▸ Recorded data
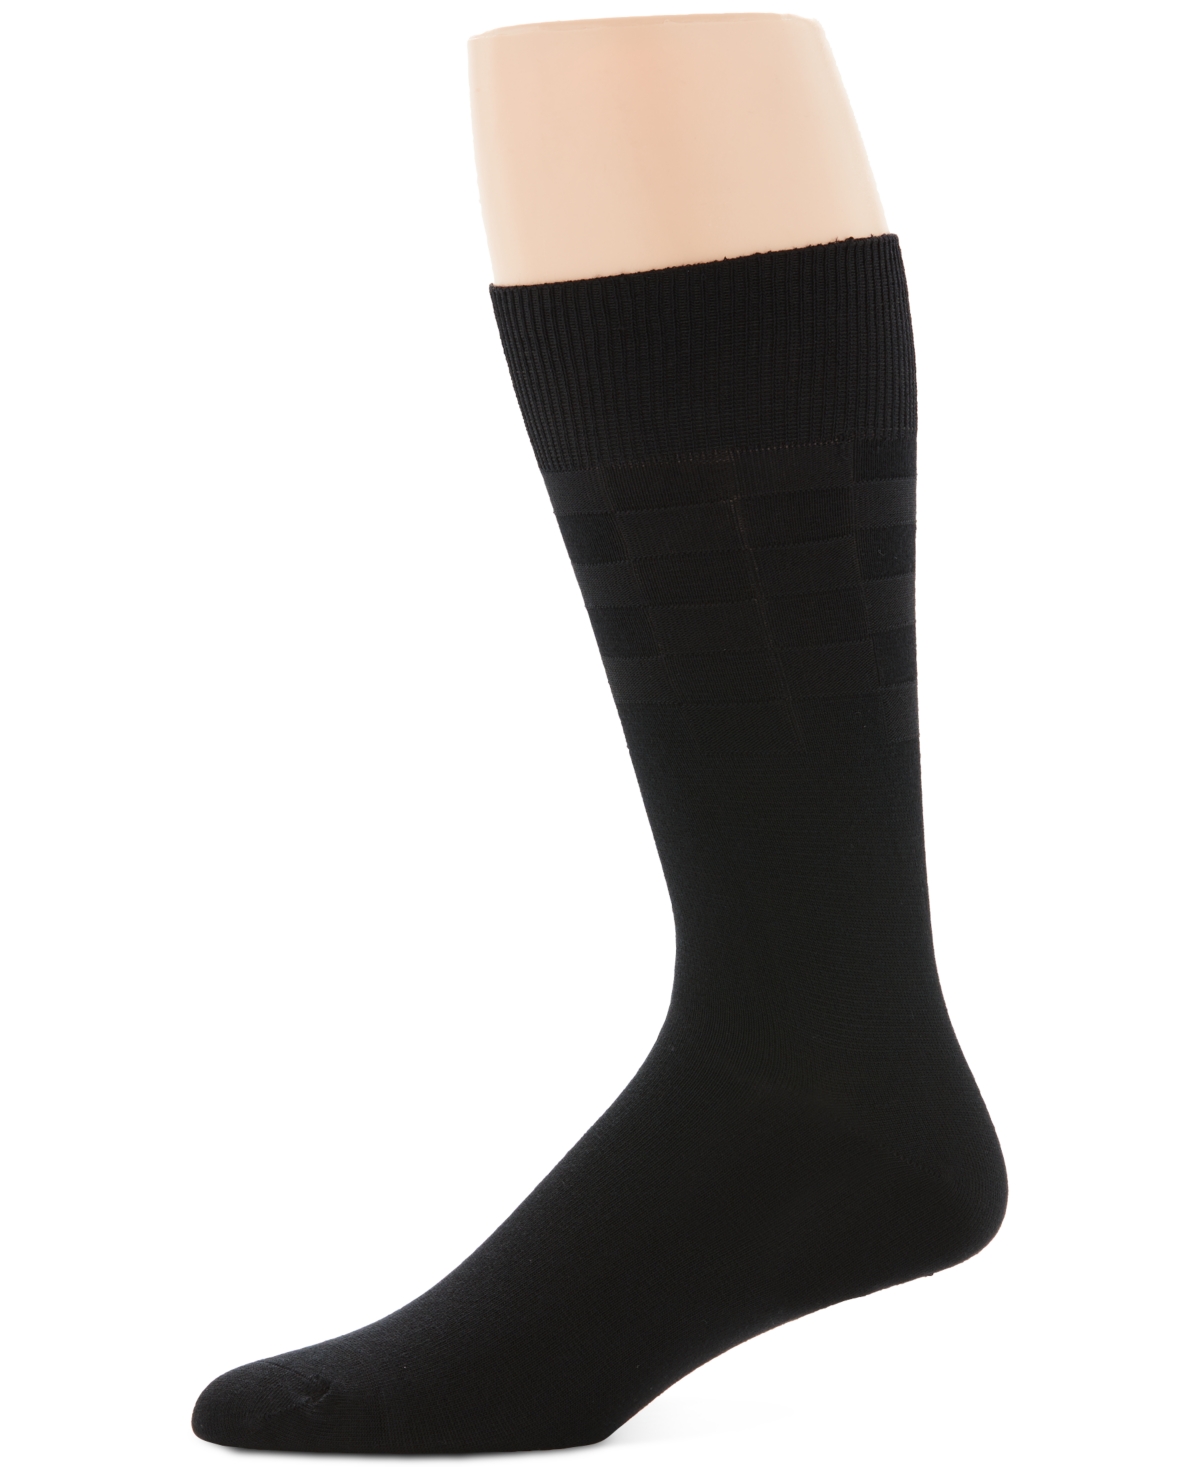 Perry Ellis Men's Socks, Single Pack Triple S Men's Socks - Black
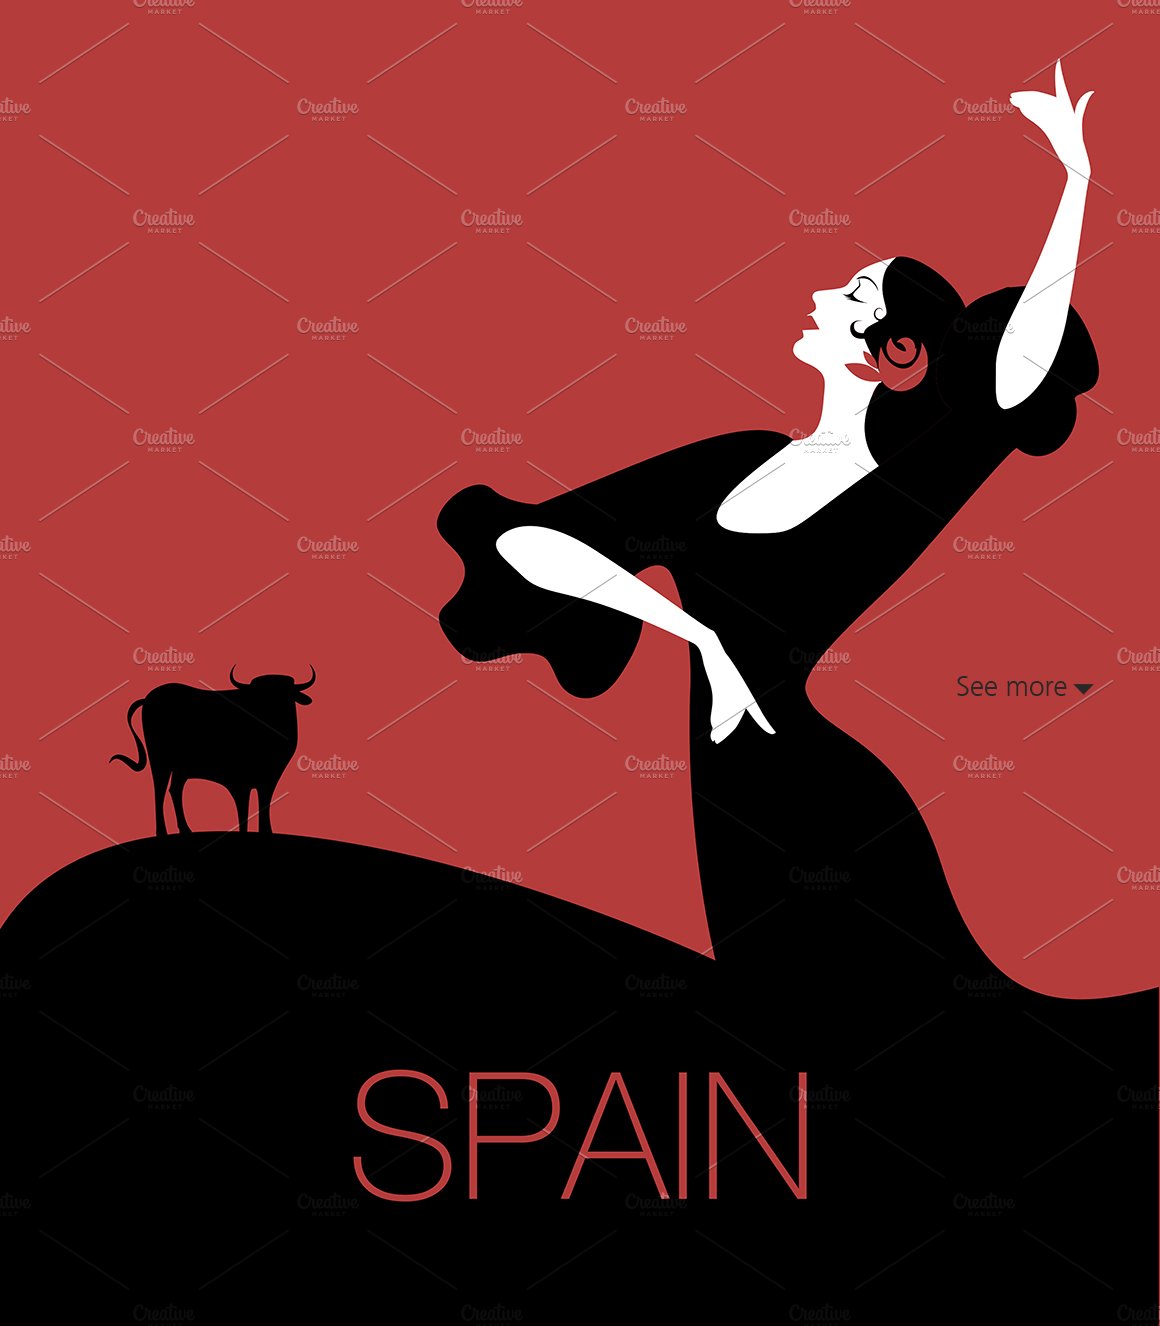 Spanish flamenco dancer and bull cover image.
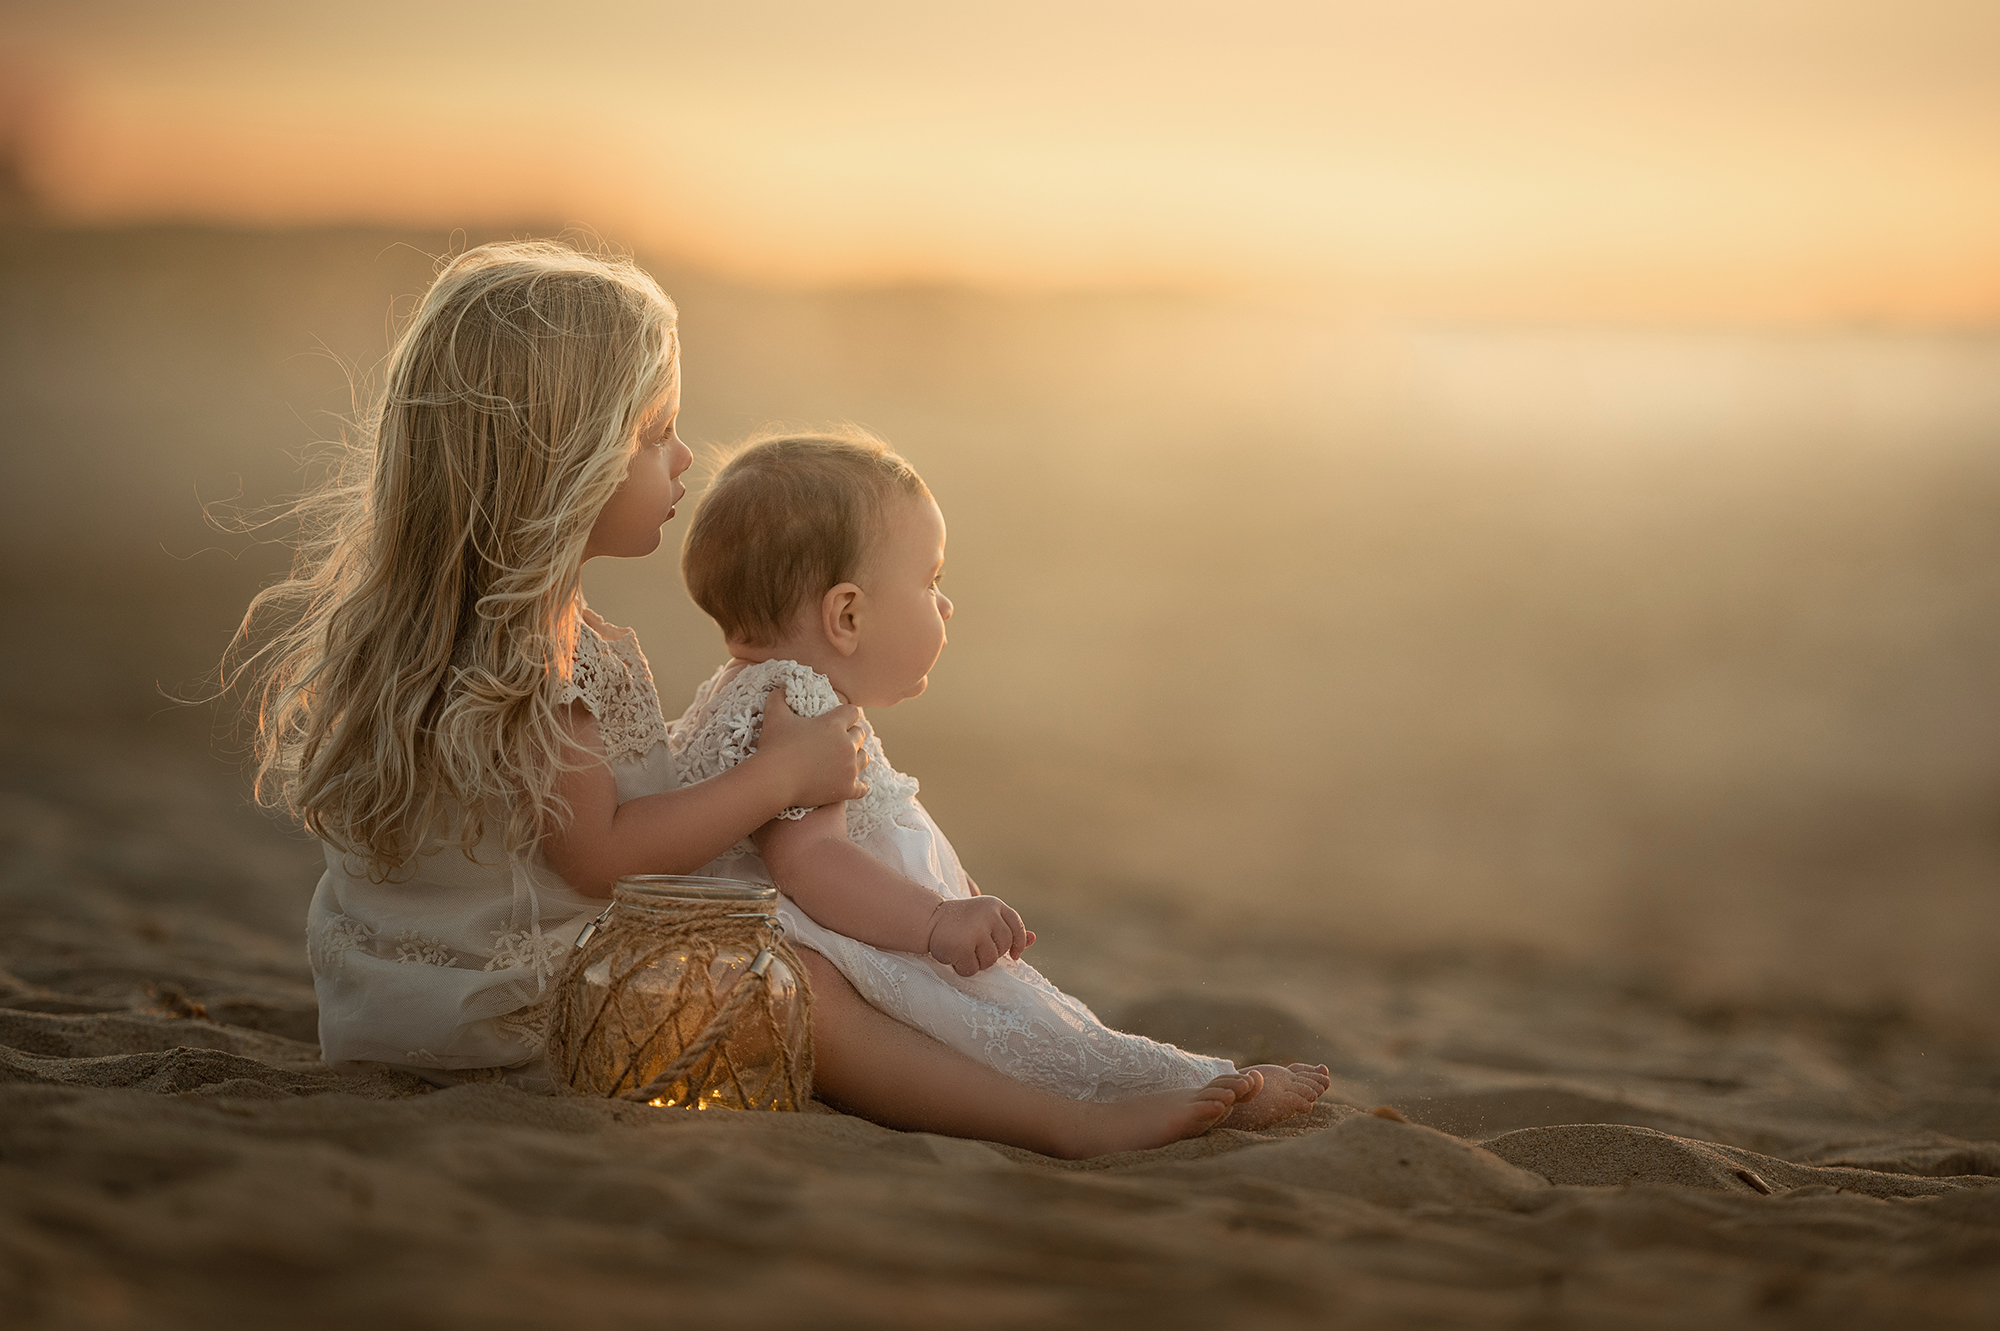 Little girls at the beach enjoying the beautiful sunset
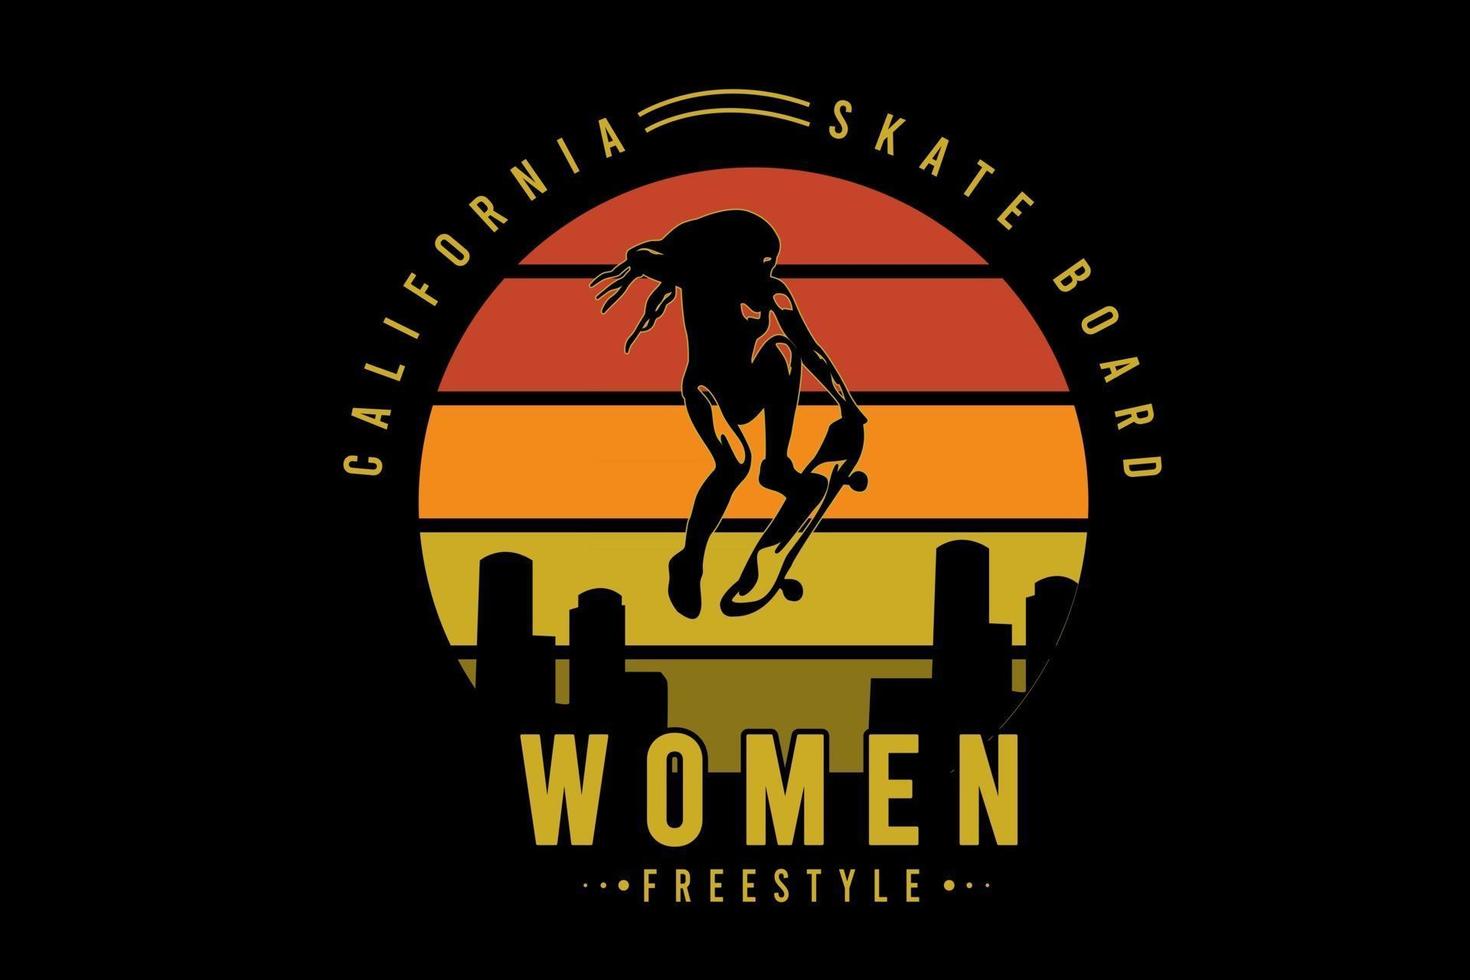 california skateboard mujeres freestyle color naranja y amarillo vector

▸ What the task requires
This exercise calls for the complete listing, returned exactly and without images.

▸ Solved problem
 Perry Ellis Men's Socks, Single Pack Triple S Men's Socks - Black
 Spanish flamenco dancer and bull cover image.
 Little girls at the beach enjoying the beautiful sunset
 california skateboard mujeres freestyle color naranja y amarillo vector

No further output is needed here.